Friday, June 13, 2014
 

 

Join our E-Mail list!
Send an e-mail request to
subscribe@empirestatenews.net,
with the word "Subscribe" in the
subject line.

 

For site information and
viewing tips,tag nike free dame


All content copyright © 2003-2007
Statewide News Network, Inc.
Contents may not be reproduced
in any form without express written consent

Sales tax exemption for winery tastings, more money for hops and malting barley research

ALBANY – Two initiatives stemming from the second Wine, Beer, Spirits and Cider Summit to support New York State's local wineries and breweries were announced on Thursday.

Consumers can now enjoy tax-free tastings at wineries that charge a nominal per-person fee, and which are already exempt from paying a use-tax on the wine used for tastings. Additionally, $350,000 in funding will go to research hops and malting barley, key beer-brewing ingredients, to help specialists understand the varieties and differences that work best for New York agriculture.

“New York is home to world-class wineries and craft breweries, and by launching these initiatives we are looking to further grow the industry, as well as increase the production of locally made products,” Governor Andrew Cuomo said. “When New York brewers buy from New York growers and producers, jobs are created, our economy grows stronger and everyone wins.”

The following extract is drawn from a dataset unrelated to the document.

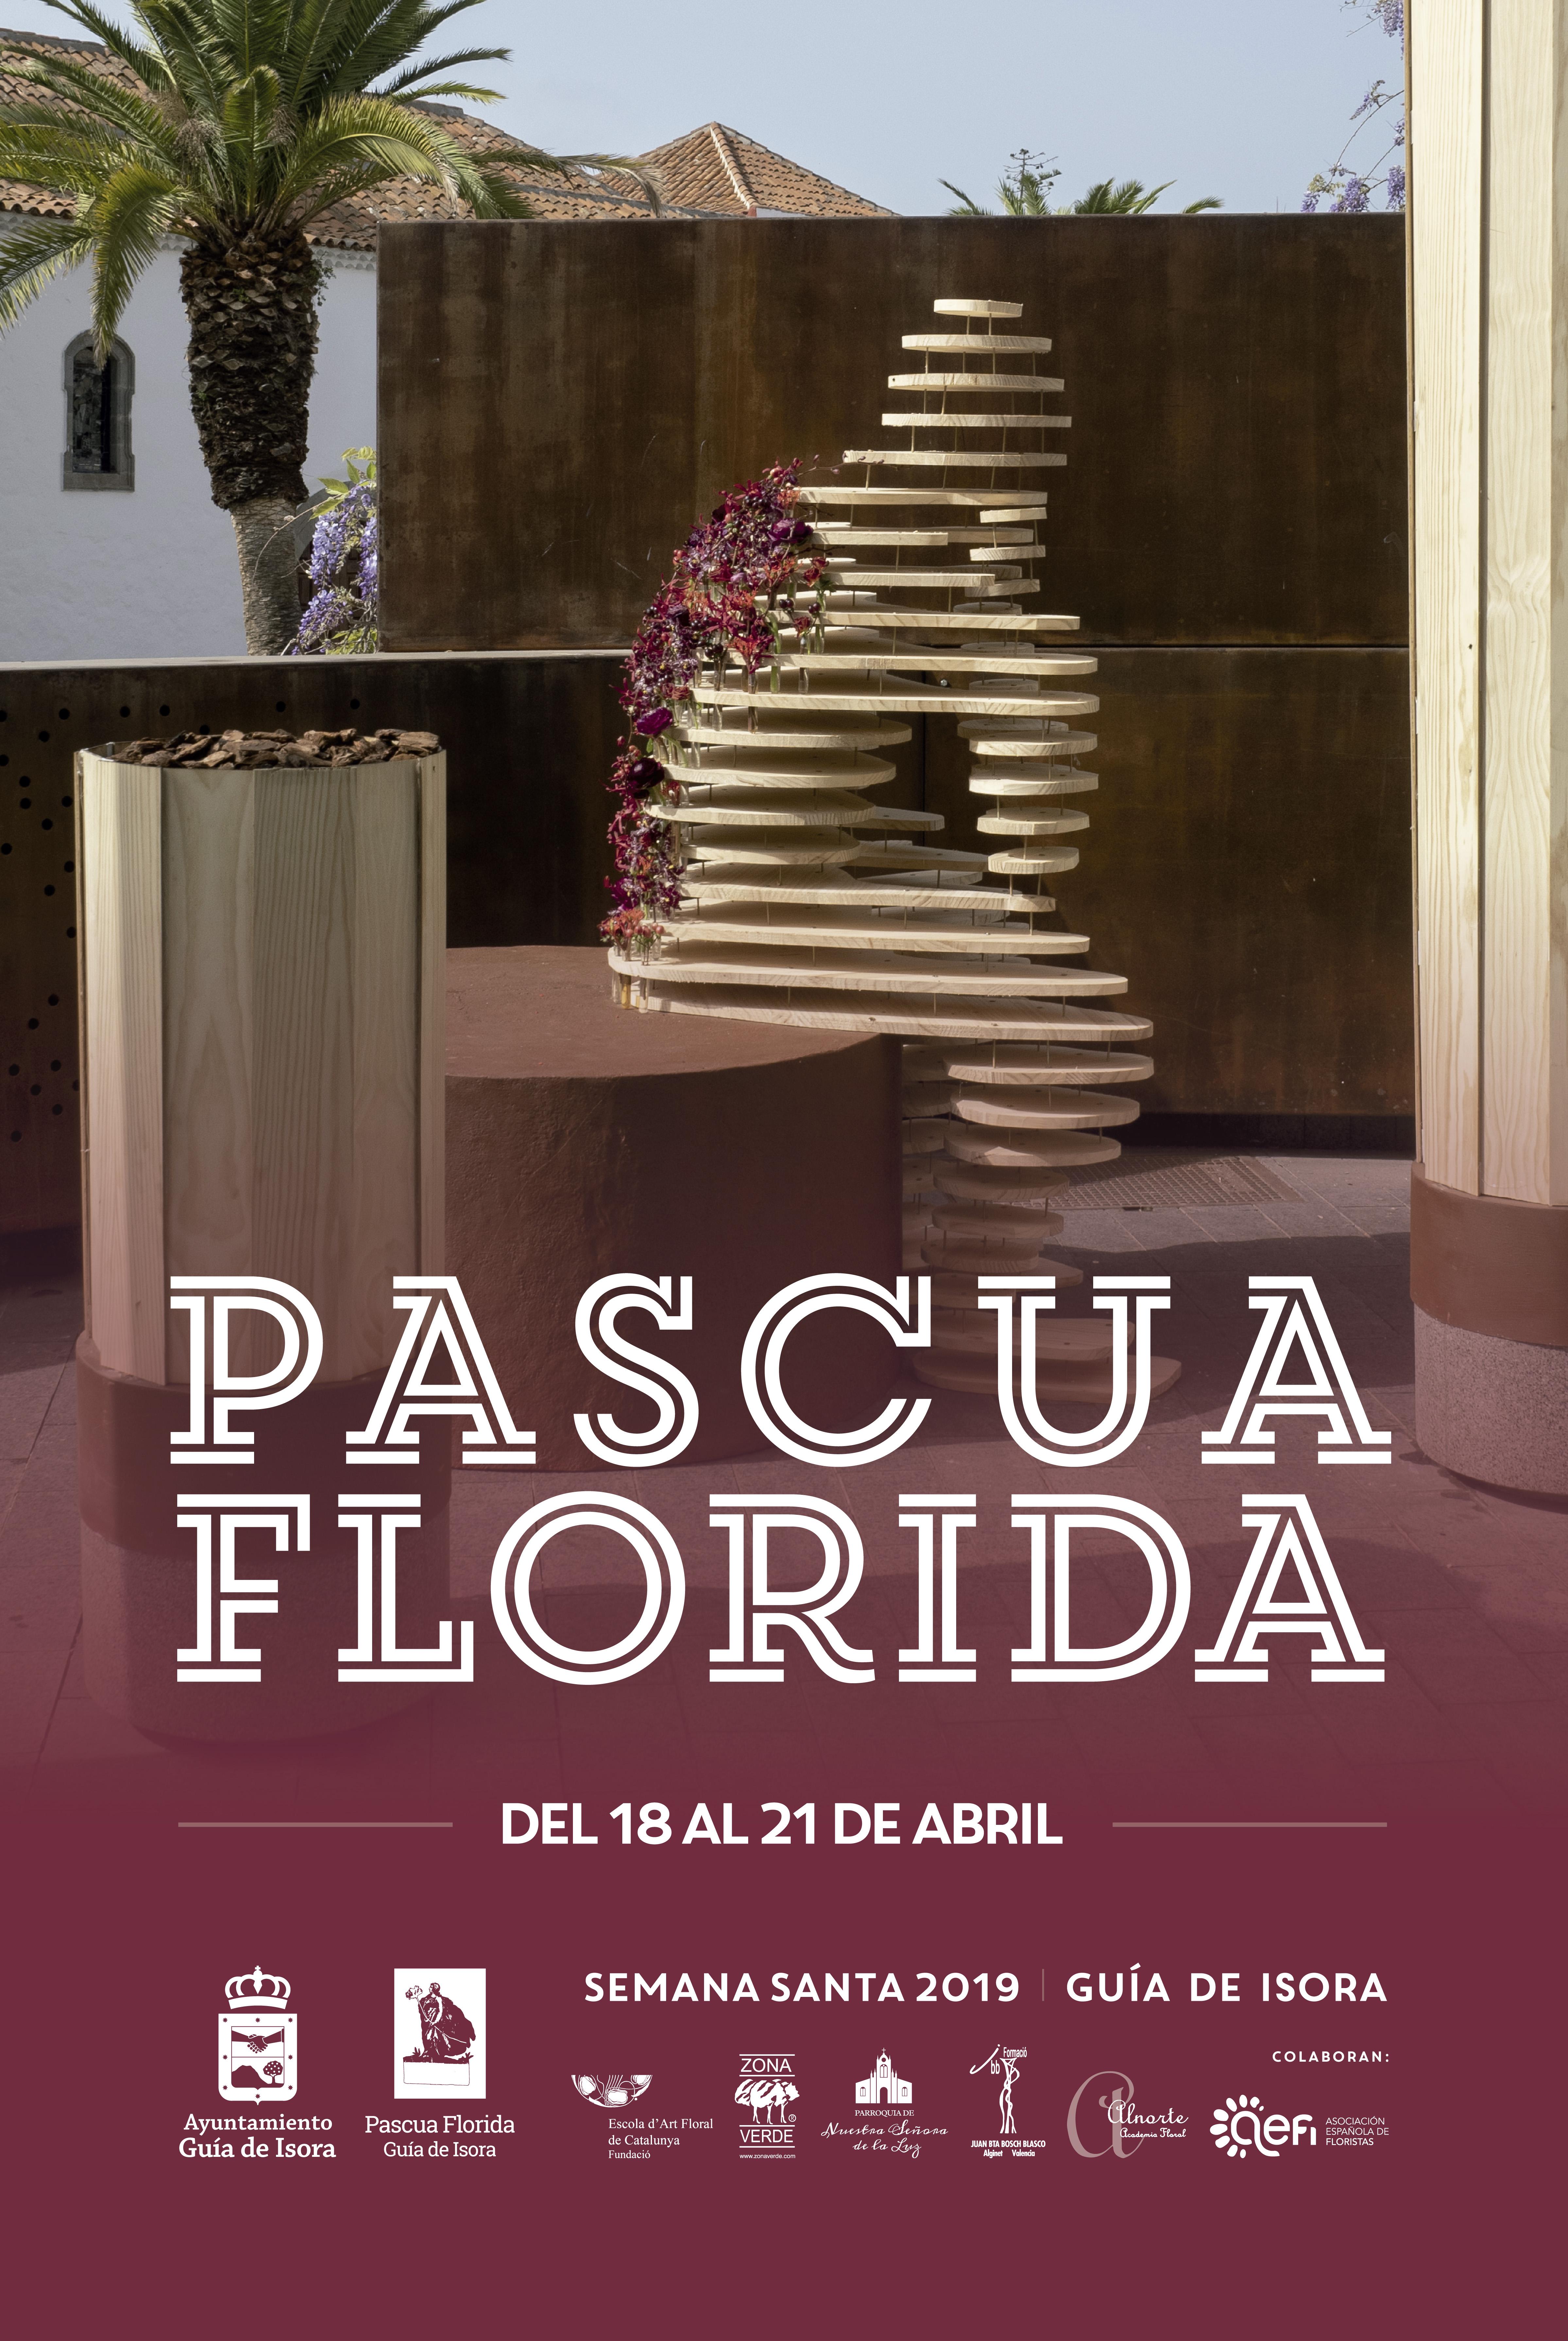 cartel_pascua_florida_GDI19_40x60cms_impress_cmyk

 At the Summit in April, the Governor launched a $6 million marketing and promotional campaign to raise the profile of New York’s beverage producers – beer, spirits, cider, and the burgeoning wine industry. For more information about New York’s growing beer, wine, spirits and cider industries, visit the One Stop Shop and www.taste.ny.gov.

Traditionally, a winery must collect tax when making retail sales of wine and wine products, whether they are sold by the bottle or glass. Although the state's Tax Law provided an exemption from taxes for when the products are used "at an event sponsored by a winery, farm winery, wholesaler or importer at its licensed premises," it did not before cover wine tastings. After a direct ask from winery owners at the Summit, the New York State Department of Taxation and Finance worked with the New York State Division of Alcoholic Beverage Control to clarify the exemption in a Technical Memorandum.

A portion of the hops and malting barley funding will go toward research being conducted on a hops plot at the Geneva Experiment Station at Cornell University. Currently, researchers are evaluating approximately 30 varieties of hops to see which ones work best for New York’s craft brewing industry, as well as experimenting with pest management techniques to see which tools work best to combat certain diseases affecting hops, such as downy mildew. Currently there are approximately 225 acres of hops planted in New York State, of which 150 acres will be harvested this year—amounting to over 100,000 pounds of hops.

Specialists from Cornell will also experiment with malting barley on variety testing, integrated disease management, certified seed production, and weed management, and work to determine what types of barley work best in New York State farm-based beverages. Traditionally a feed crop in New York, this research will experiment to learn what winter and spring varieties work best in the state for the new purpose of this growing industry. Since most available varieties have been bred in western parts of North America and Europe, there is a great need to see what varieties will thrive here to produce a quality crop for malt houses, brewers and distillers.  

Craft breweries have experienced unprecedented growth over the past three years, with the number of microbreweries rising from 40 in 2011 to 100 today—an increase of 150 percent. In addition, as a result of Governor Cuomo’s 2012 Farm Brewery law, 48 new Farm Breweries have opened up across the state. 

State Agriculture Commissioner Richard A. Ball said, “Thanks in large part to Governor Cuomo’s leadership, these announcements represent significant advances for all of New York’s fast-growing beverage industry.  When we make it easier for more people to try New York wines, and when we invest in research to help the industry grow quickly, we create more jobs.  These key improvements will increase the momentum behind New York’s growers and producers and demonstrate that New York will keep its promises to foster growth.”